**WORK INSTRUCTIONS**
In the entries that follow, the first line to write out is the one containing "Friends Central Perk", and the last is the one containing "A photograph of". Reproduce that stretch exactly, with nothing before or after it.

**DATA TO EXAMINE**
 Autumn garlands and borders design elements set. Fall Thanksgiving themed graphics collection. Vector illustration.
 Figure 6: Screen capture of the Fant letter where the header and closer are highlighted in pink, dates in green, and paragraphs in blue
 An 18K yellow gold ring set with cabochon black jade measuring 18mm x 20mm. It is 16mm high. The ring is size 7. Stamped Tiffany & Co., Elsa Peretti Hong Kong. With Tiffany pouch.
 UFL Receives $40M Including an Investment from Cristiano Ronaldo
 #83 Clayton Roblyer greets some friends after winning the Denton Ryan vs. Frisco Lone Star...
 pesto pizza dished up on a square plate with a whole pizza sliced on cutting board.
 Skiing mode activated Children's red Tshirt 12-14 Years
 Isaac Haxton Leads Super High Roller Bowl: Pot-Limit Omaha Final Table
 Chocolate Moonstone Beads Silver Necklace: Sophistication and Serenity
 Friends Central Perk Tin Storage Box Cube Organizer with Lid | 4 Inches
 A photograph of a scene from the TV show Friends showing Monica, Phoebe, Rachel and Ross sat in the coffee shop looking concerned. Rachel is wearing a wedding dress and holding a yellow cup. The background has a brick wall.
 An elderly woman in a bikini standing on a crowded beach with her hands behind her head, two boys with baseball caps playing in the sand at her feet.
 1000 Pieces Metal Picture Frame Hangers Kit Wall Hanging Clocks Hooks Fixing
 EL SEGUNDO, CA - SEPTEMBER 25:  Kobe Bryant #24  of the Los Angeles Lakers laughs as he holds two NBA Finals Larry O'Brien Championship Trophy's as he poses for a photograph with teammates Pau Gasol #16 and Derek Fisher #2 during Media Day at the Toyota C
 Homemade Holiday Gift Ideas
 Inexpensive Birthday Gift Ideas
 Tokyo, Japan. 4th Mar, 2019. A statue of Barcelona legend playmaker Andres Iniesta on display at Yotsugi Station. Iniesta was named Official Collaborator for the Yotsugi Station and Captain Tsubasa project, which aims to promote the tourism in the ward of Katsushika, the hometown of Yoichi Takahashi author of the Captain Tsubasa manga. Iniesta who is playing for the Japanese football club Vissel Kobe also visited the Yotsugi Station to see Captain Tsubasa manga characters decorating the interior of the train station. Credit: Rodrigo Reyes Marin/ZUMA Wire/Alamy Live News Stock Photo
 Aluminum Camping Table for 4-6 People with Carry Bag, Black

**YOUR SOLUTION**
 Friends Central Perk Tin Storage Box Cube Organizer with Lid | 4 Inches
 A photograph of a scene from the TV show Friends showing Monica, Phoebe, Rachel and Ross sat in the coffee shop looking concerned. Rachel is wearing a wedding dress and holding a yellow cup. The background has a brick wall.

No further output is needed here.